Only the lines below from the one containing "Tranzlogistics - Logistics" through the one containing "Aaron Willard (1757-1844), Boston, Massachusetts, Dish" belong in the answer, repeated exactly and without pictures.

Exercise materials
————————

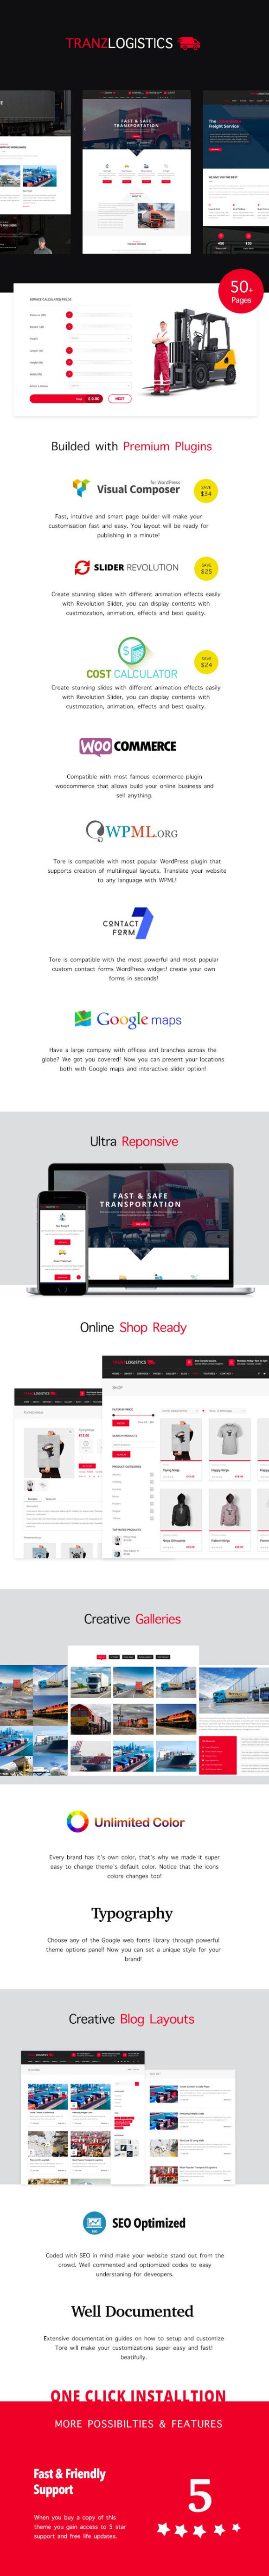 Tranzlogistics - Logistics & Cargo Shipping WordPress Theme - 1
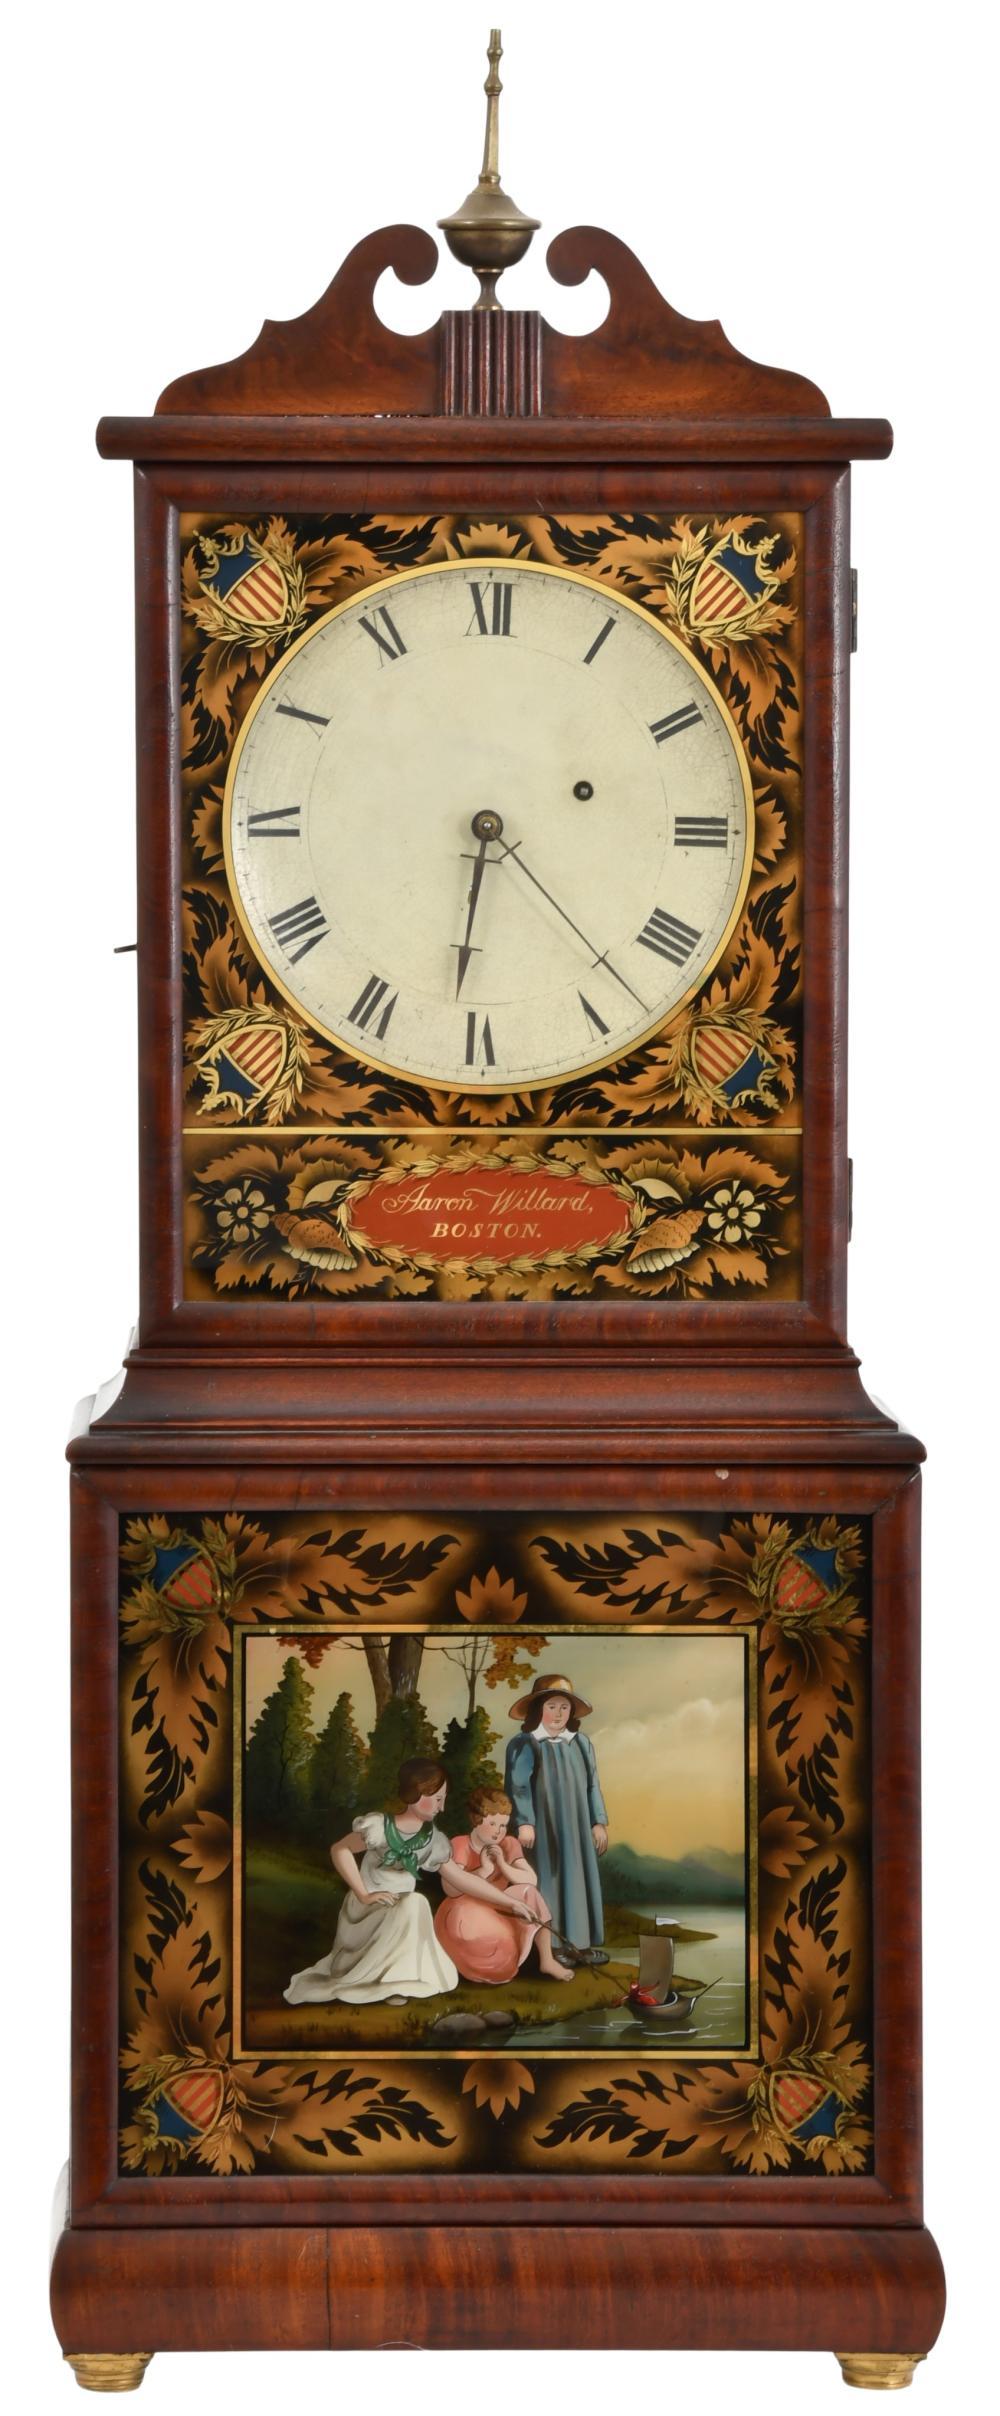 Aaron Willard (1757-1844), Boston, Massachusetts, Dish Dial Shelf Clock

————————

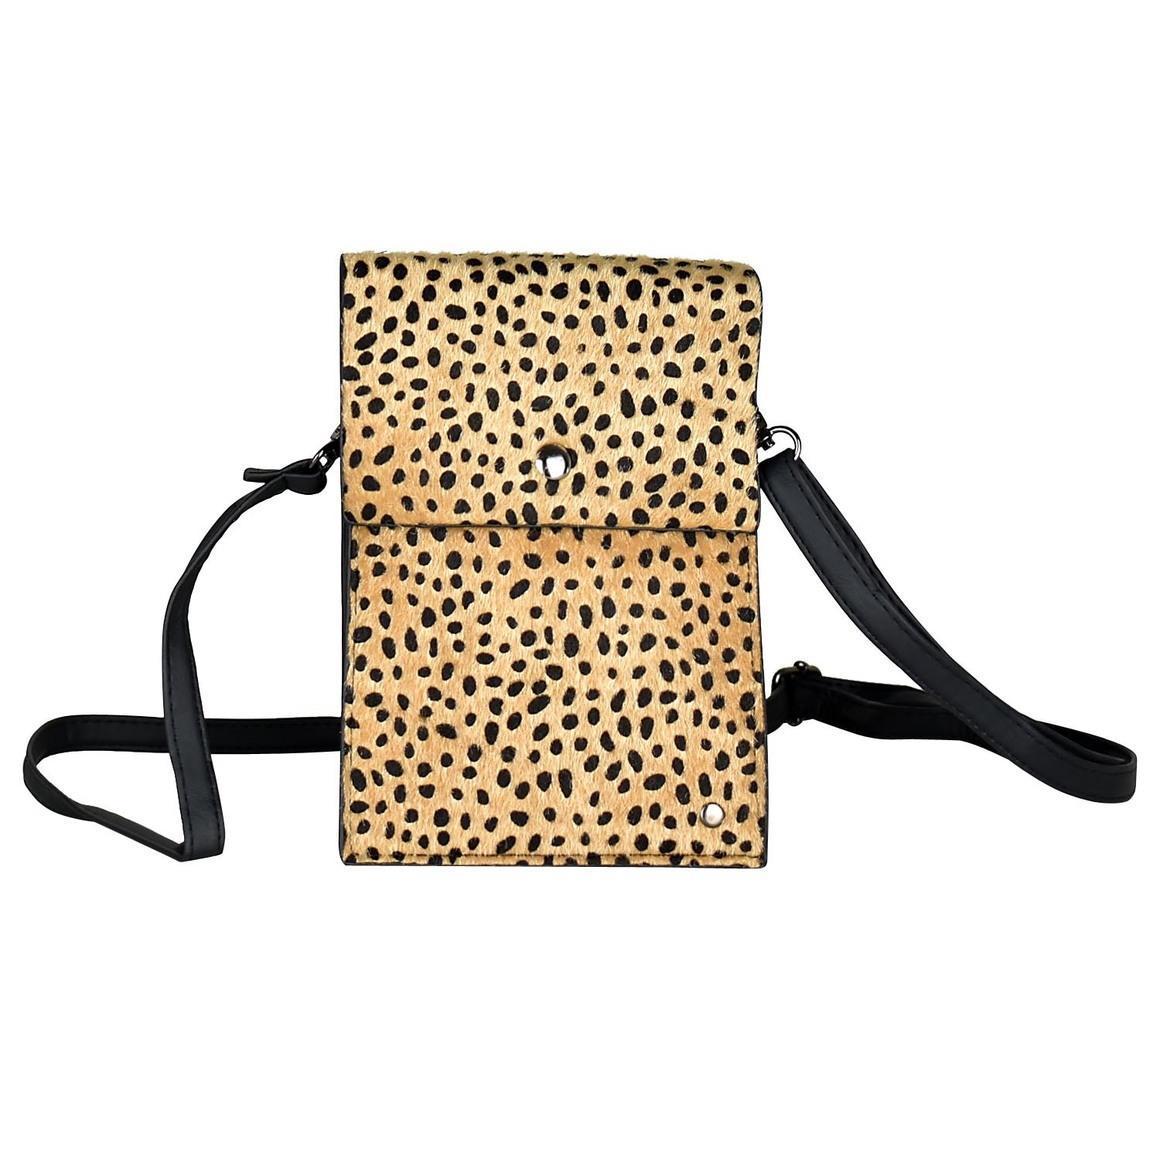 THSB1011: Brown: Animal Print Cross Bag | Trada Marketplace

————————

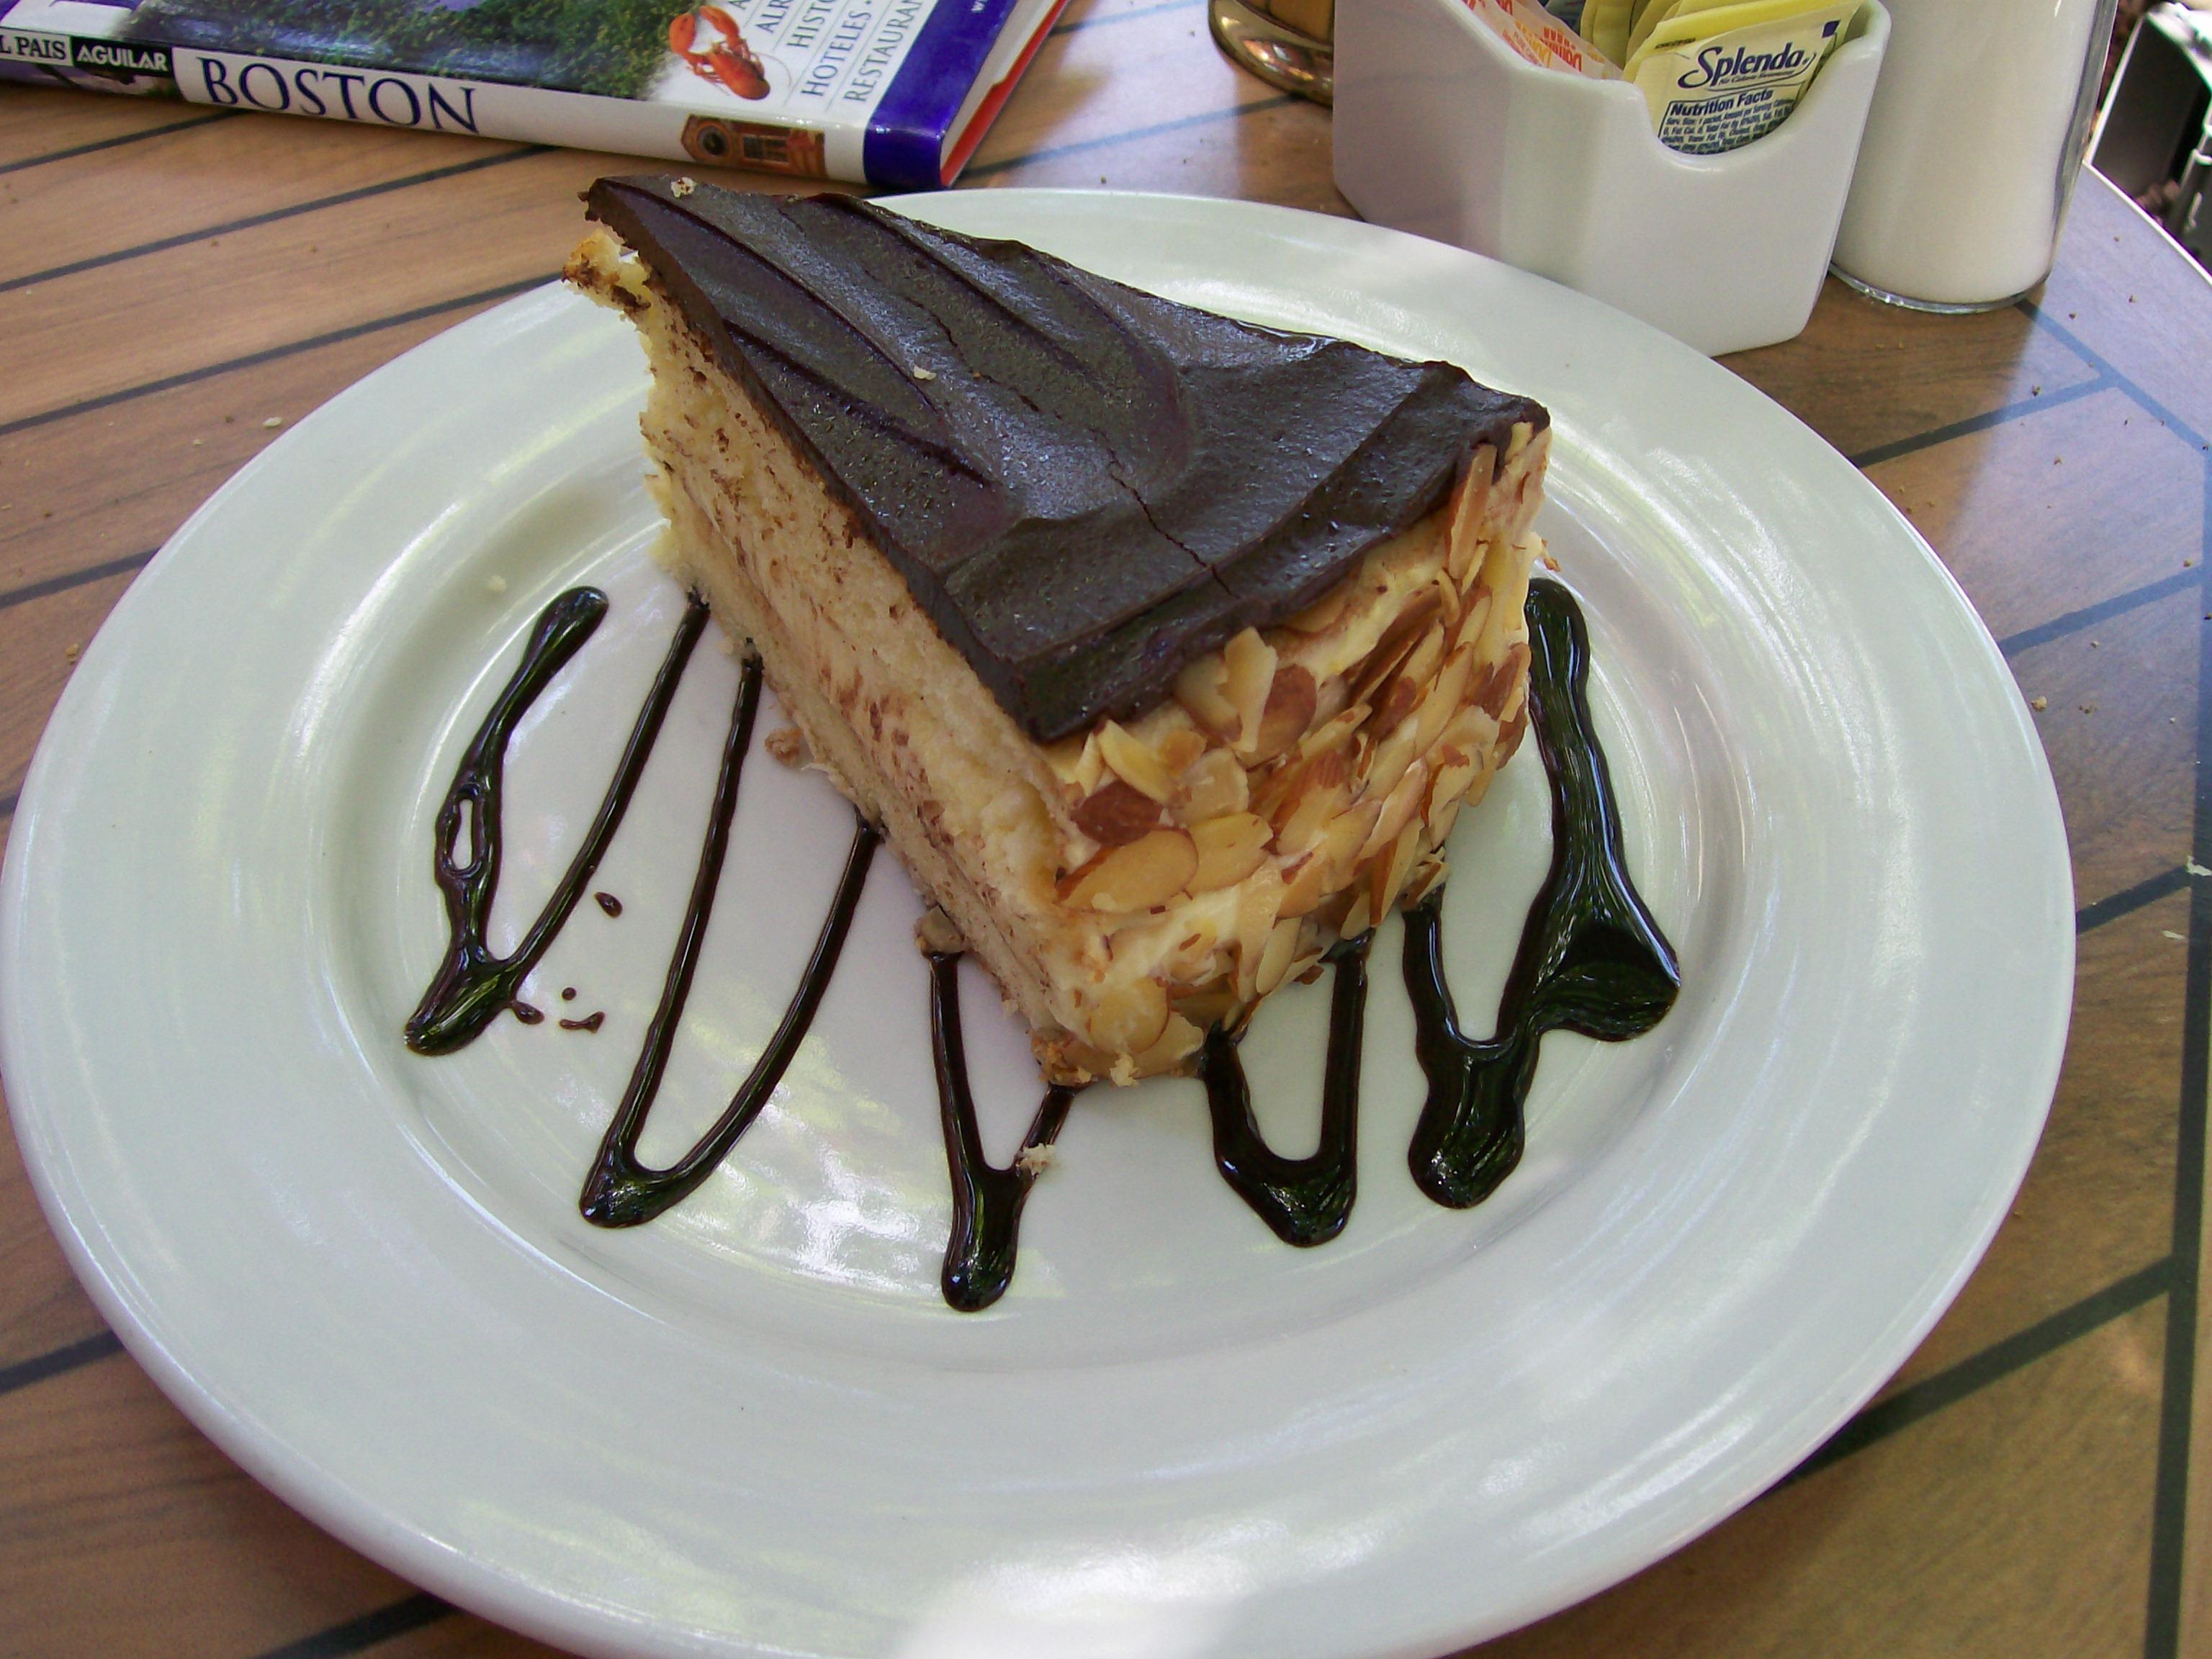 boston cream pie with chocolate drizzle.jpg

————————

Answer for the task
 Tranzlogistics - Logistics & Cargo Shipping WordPress Theme - 1
 Aaron Willard (1757-1844), Boston, Massachusetts, Dish Dial Shelf Clock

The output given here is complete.